A volatilidade do dólar segue como um dos principais riscos do comércio exterior. O uso de instrumentos como hedge, contratos a termo e contas em moeda estrangeira ajuda a reduzir exposição e aumentar previsibilidade.

“O câmbio não pode ser tratado como uma variável passiva”, afirma o especialista.

2. Diversificação de mercados e moedas

A concentração em poucos destinos aumenta riscos comerciais. A ampliação para diferentes regiões reduz impactos de barreiras comerciais e instabilidades geopolíticas.

3. Revisão de custos logísticos e tributários

Frete internacional, armazenagem e carga tributária continuam entre os principais fatores de pressão. Regimes especiais e estratégias fiscais podem reduzir custos operacionais.

4. Integração de dados financeiros e operacionais

A centralização de informações permite melhor leitura de riscos e decisões mais rápidas, especialmente em operações globais complexas.

5. Uso de assessoria especializada

O suporte técnico contribui para negociações mais eficientes, acesso a incentivos fiscais e estruturação adequada das operações internacionais.

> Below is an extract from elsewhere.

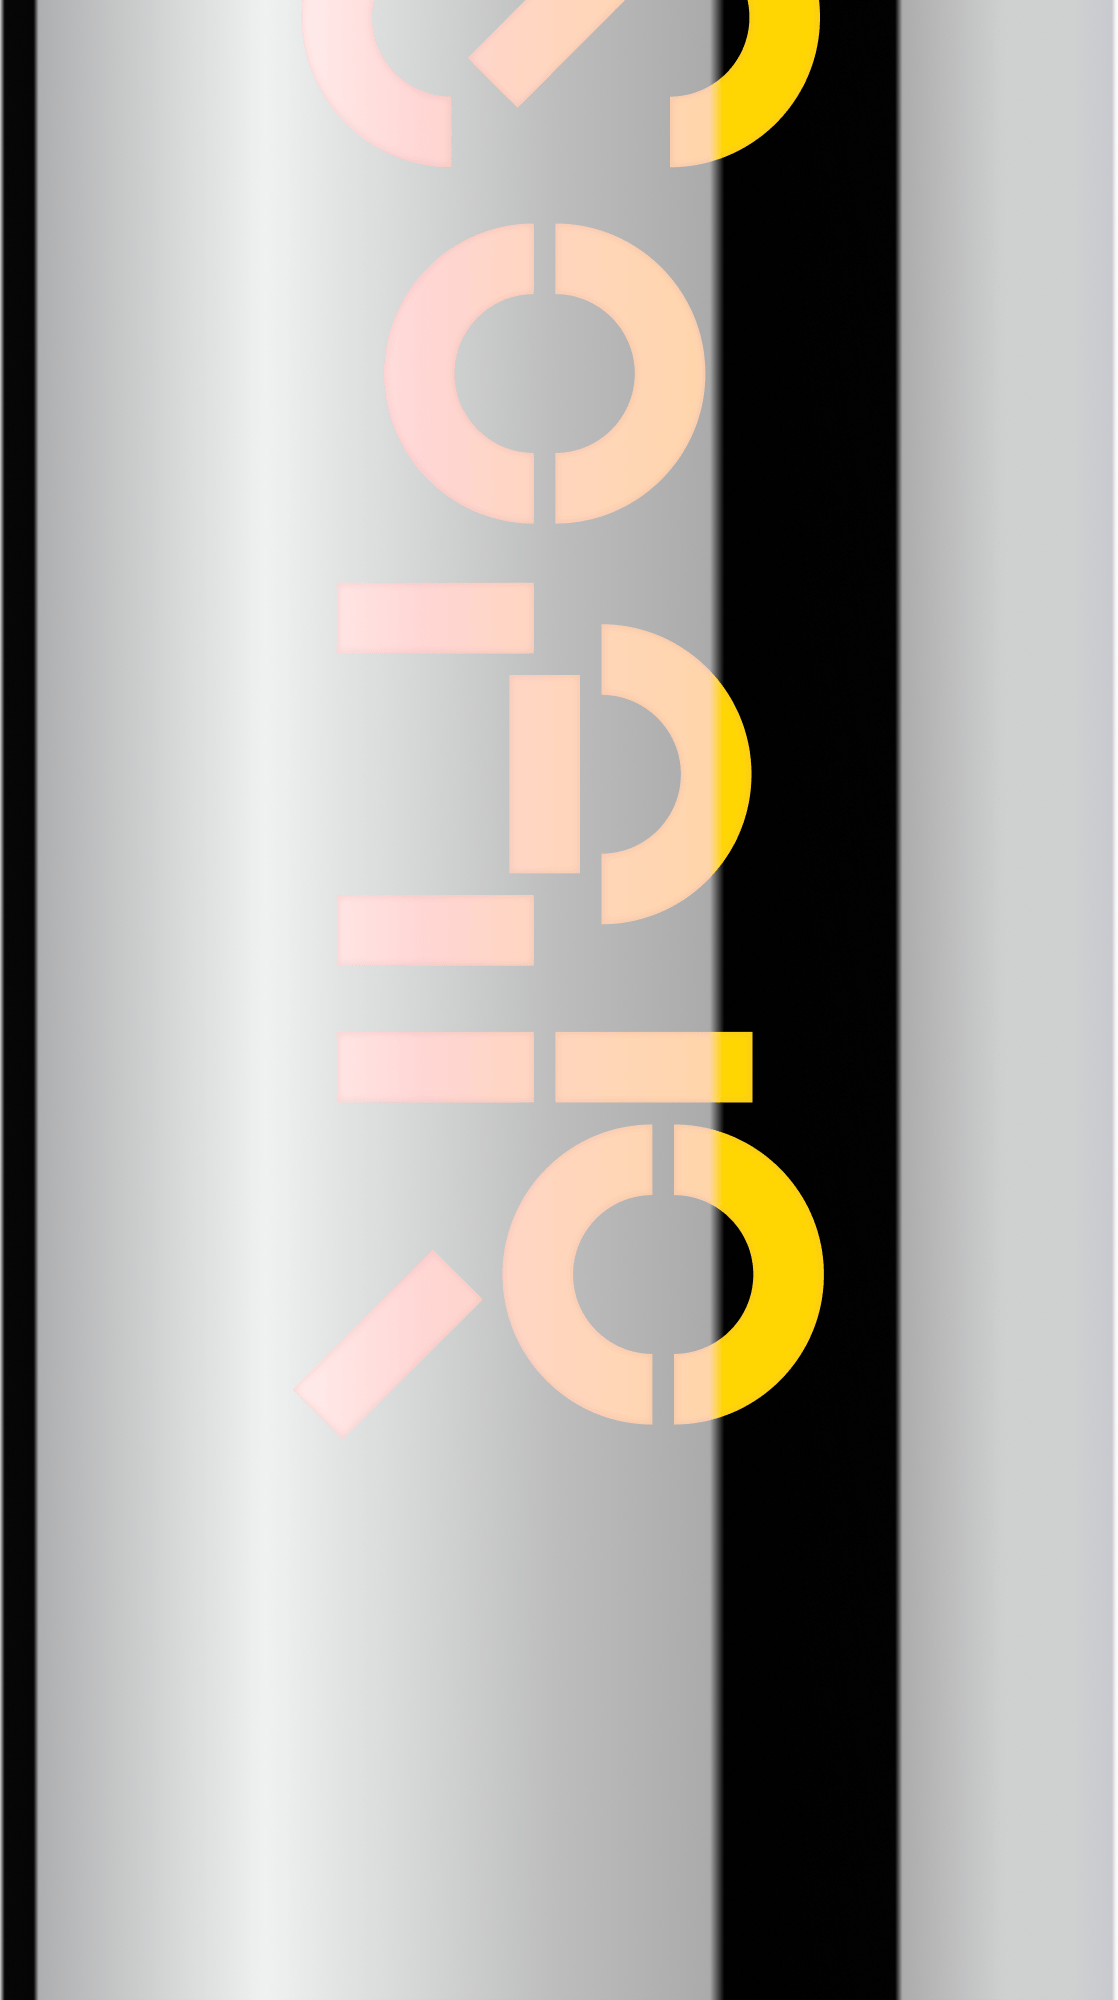 Deconstructed wordmark concept on a metal tube

Reorganização global abre oportunidades, mas exige eficiência

Apesar dos desafios, o processo de reorganização das cadeias globais de comércio cria novas oportunidades para países exportadores como o Brasil.

No entanto, especialistas reforçam que o aproveitamento desse cenário depende de controle operacional e estratégia financeira.

“A oportunidade existe, mas não é automática. Quem tiver controle, inteligência financeira e capacidade de adaptação vai capturar valor. Quem operar no automático tende a perder margem, mesmo com crescimento de vendas”, conclui Oliveira.